You could even die for not being a real couple
There is a kind of photography that reveals the spirit of a place, hurls itself at its prey, the great feast expecting only to be rent asunder. Images are complicit in this, fully exposing anyone who persists in hunting down the mockery of the photograph. Within a rather kitsch Kurdish setting, sensuality is shown interrogating the sexual and social conventions of a failed marriage. Laura Lafon voyages around that reinvented world with one thought in mind: love. In a trance, she enters the scene as an intruder, like a fire dancer, seeking to provoke us visually and to confront her own face with its ‘wildly’ lit hair and its shadowy exoticism. Its abrupt immediacy assaults our senses like a deep sky-dive or a brutal tidal wave.
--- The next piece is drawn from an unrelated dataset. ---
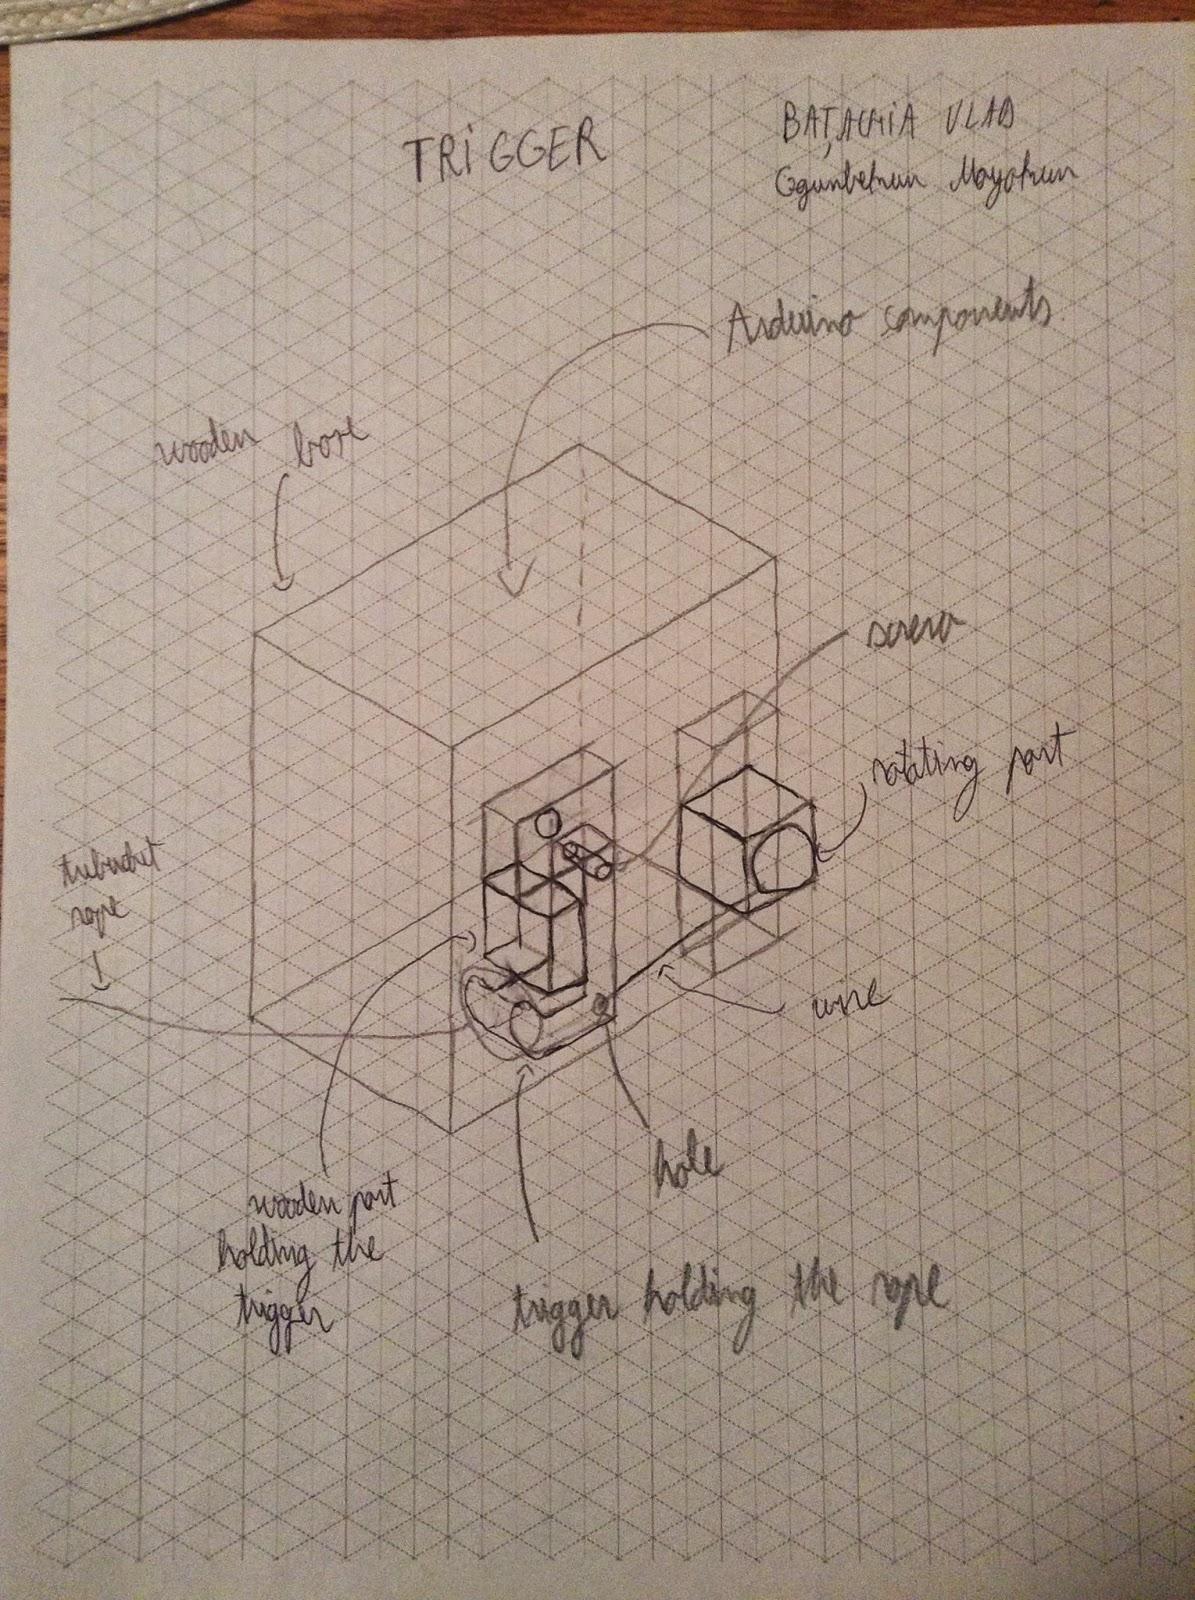 Mmae 232 Mayokun Ogunbekun Trebuchet Project For Design Class Diagram Of Our Trigger

Thus, narrative energy re-enchants the world, leaving the Westernised documentary begging for its slice of the pie. Lafon’s work has no self-control; it lives too freely according to the rhythm of an ambivalent language of photography, creating the surprising from a new form of happy, weird irony, made up of games and cruel words, familial intimacy and transitory encounters. And it manifests itself in utopian love. A world of books gradually sets the stage. It refuses the norms of an immorality suppressed within us by the weight of societal constraints; good intentions caught in a trap between ‘modernity’ and respect for traditions, between hard work and packaged tourism, marriage and (non-)sexuality. […] Laura Lafon seeks to understand this disorientation within the gaze of the Other, beyond the deceptive world of appearances.